Monday, January 7, 2019

Public property and the rise of the individual

Historical articles on the commons keep coming. Victorian Studies recently published an article by Daniel Stout, "Uncommon Lands: Public Property and the Rise of the Individual". (I'm happy to say that the article cites extensively from my "How Blackstone Became a Blackstonian".) The abstract:
This article examines the theoretical hurdles that the English legal system faced in trying to come up with a coherent conception of public land in the Victorian period.

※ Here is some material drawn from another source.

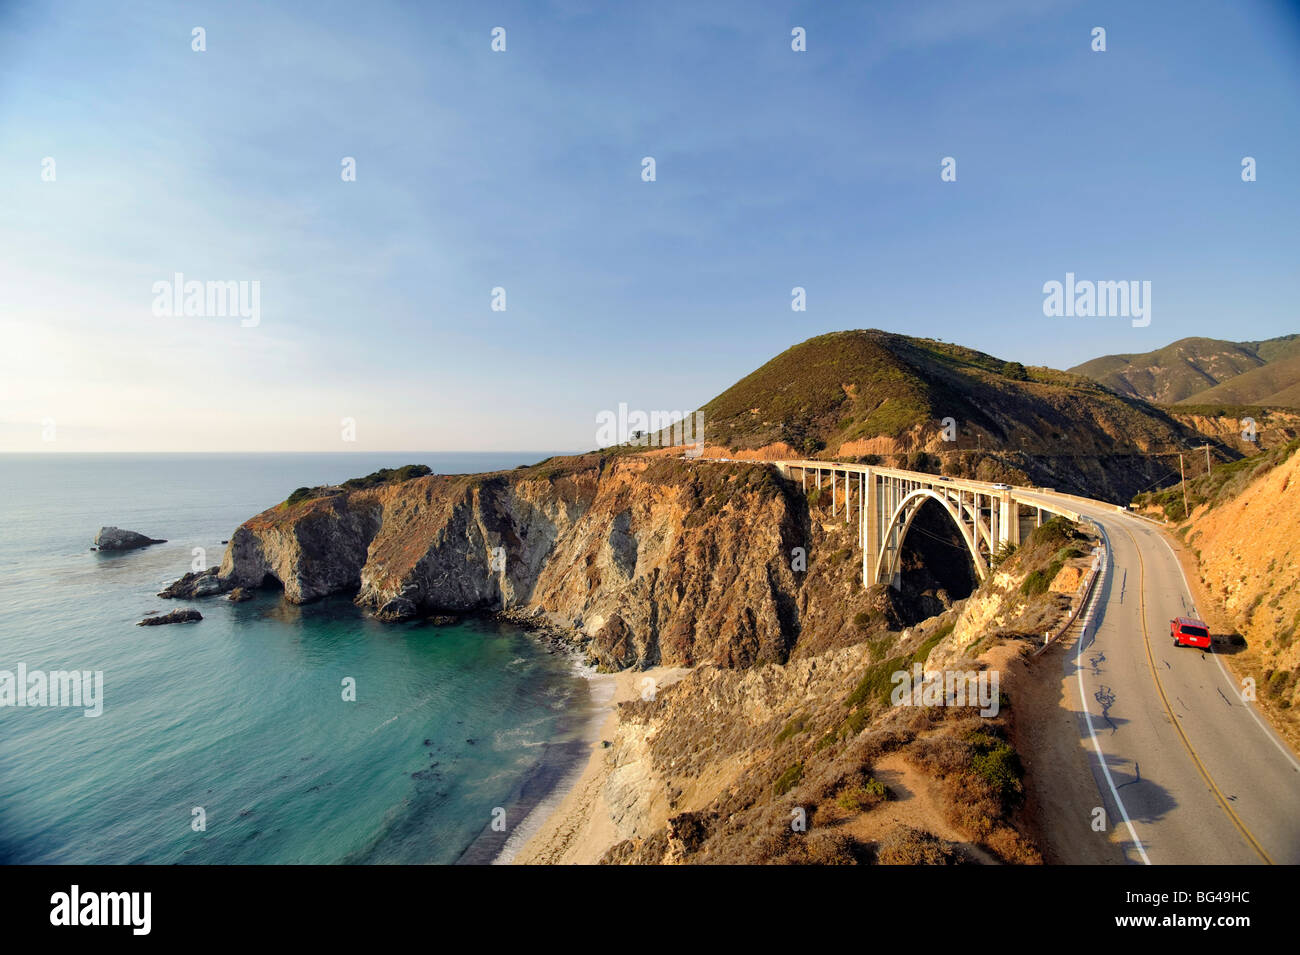 USA, California, Big Sur Pacific Coastline, Bixby Bridge and Highway 1 - Stock Image
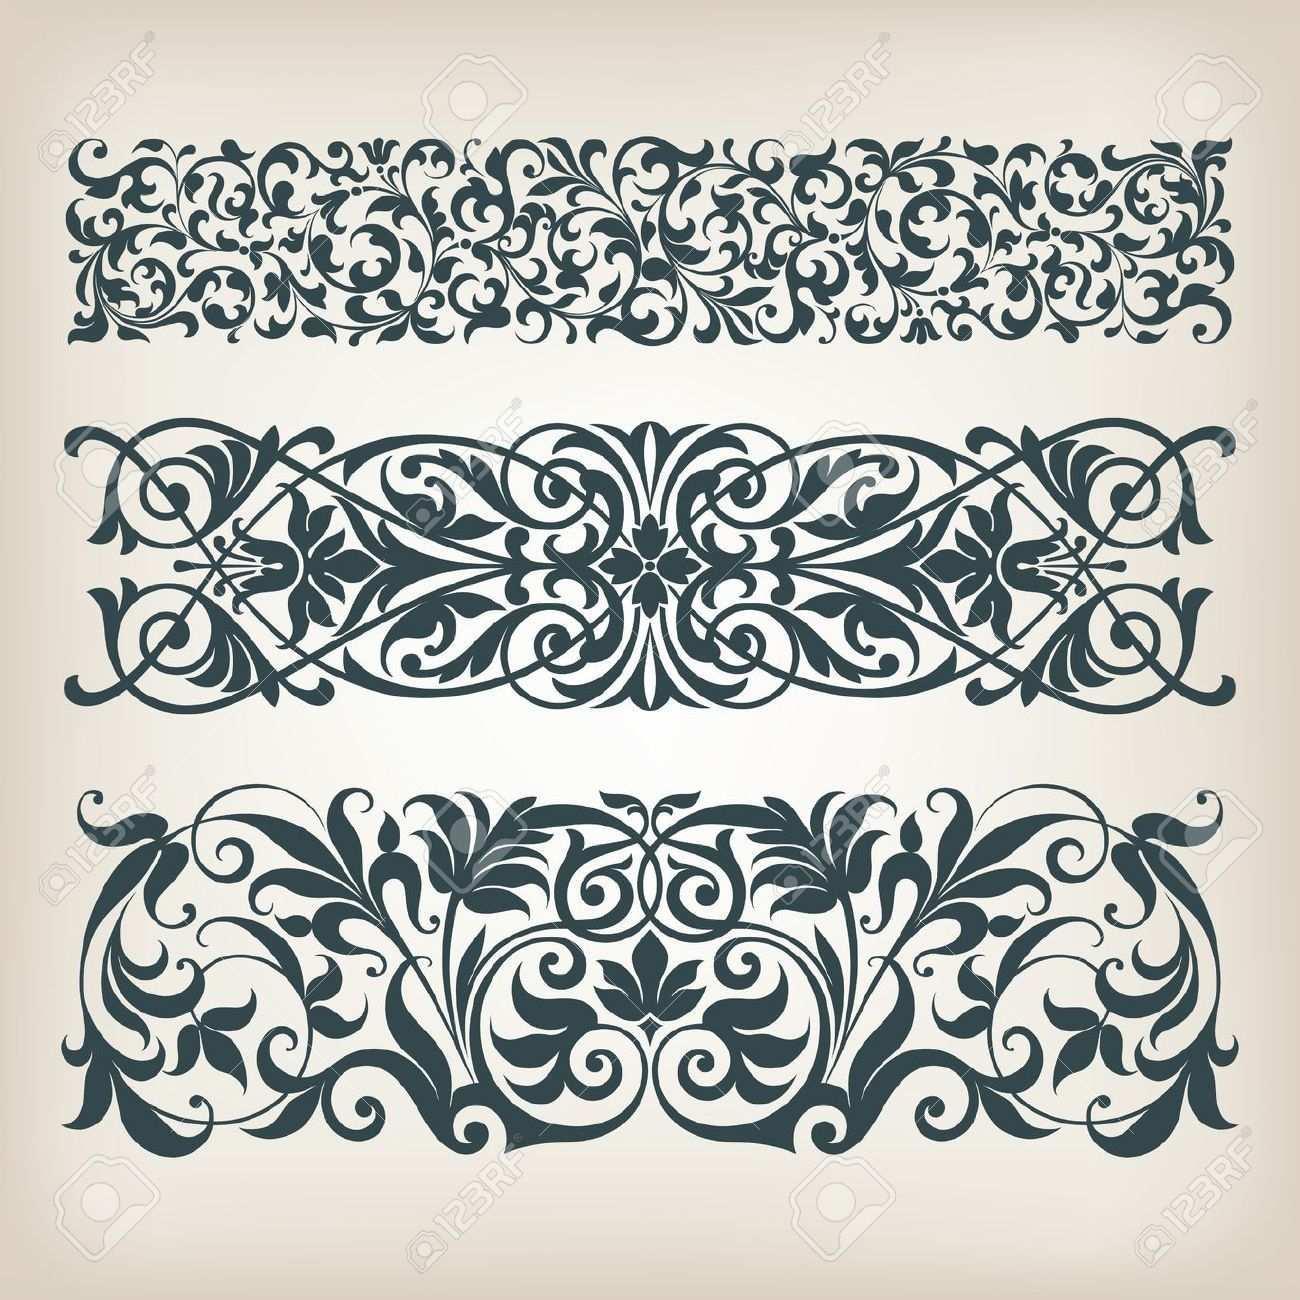 Vektor Set Vintage Verzierten Bordurenrahmen Filigran Mit Retro Muster Im Antiken Barocken Stil Arabische Kalligr Ornamente Vorlagen Barock Muster Retro Muster

Rapid urbanization and industrialization meant that the pressure to preserve open space was intense, but a conception of public land—land that belongs to everyone—was strikingly absent from English law. “The commons,” this article stresses, is importantly different from “the public.” The absence of the public from the English theory of property helps us see the ways in which the regime of liberal private property continued to carry traces of older customary forms of tenure, and to be governed by ideas (use, access, etc.) that complicate—and, often, contradict—liberal assumptions about the nature of property.
And an excerpt:
William Hartley, Justice Scrutton
[W]e have inherited from the nineteenth century a certain story about property as an institution whose rise inevitably entails the cancellation of some prior collective. And of the available names for that prior collective (family, status, clan, custom, etc.), none attaches us to it quite like “the commons.” Compared with “commons,” terms like “family,” “status,” “clan,” and “custom” seem both too privative—“the commons” has an openness and flexibility that the unnervingly tribal “clan” or aristocratic “family” clearly lack—and somehow not personal enough—the “commons” grounds an affective warmth that the cold institutionalism of “status” and the archaic proceduralism of “custom” can’t match. The appeal of the commons is that it allows us to lament the privacy of property without, at the same time, having to sacrifice an individualism—the capacity for meaningful, personal attachment—that we have come to cherish. The commons is, in this sense, liberalism’s name for what it doesn’t like about liberalism. Hence, the perfect fluency of Thomas Edward Scrutton (a highly successful commercial lawyer) complaining in 1881 that “the speculative builder and the wealthy landowner alike prey upon roadside wastes, and neighbouring Commons”: “the poor, who are deprived of any interest in the land, and the public, more and more restricted to the hard high road, are affected by the Policy of Enclosure and Individualism”. Reading closely, one can see that Scrutton elides what are actually three nonidentical constituencies—the “commons,” “the poor,” and “the public.” But to the degree that the elision works it’s because commonness could already, in 1881, serve as a kind of penumbral keyword for the opposite of “Enclosure and Individualism.” To see that the “commons” continues to function in this generic way, one need look no further than Michael Hardt and Antonio Negri’s recent call for a “democracy of the multitude” in which “we all share and participate in the common... —the air, the water, the fruits of the soil” and focus on “the practices of interaction, care, and cohabitation in a common world”.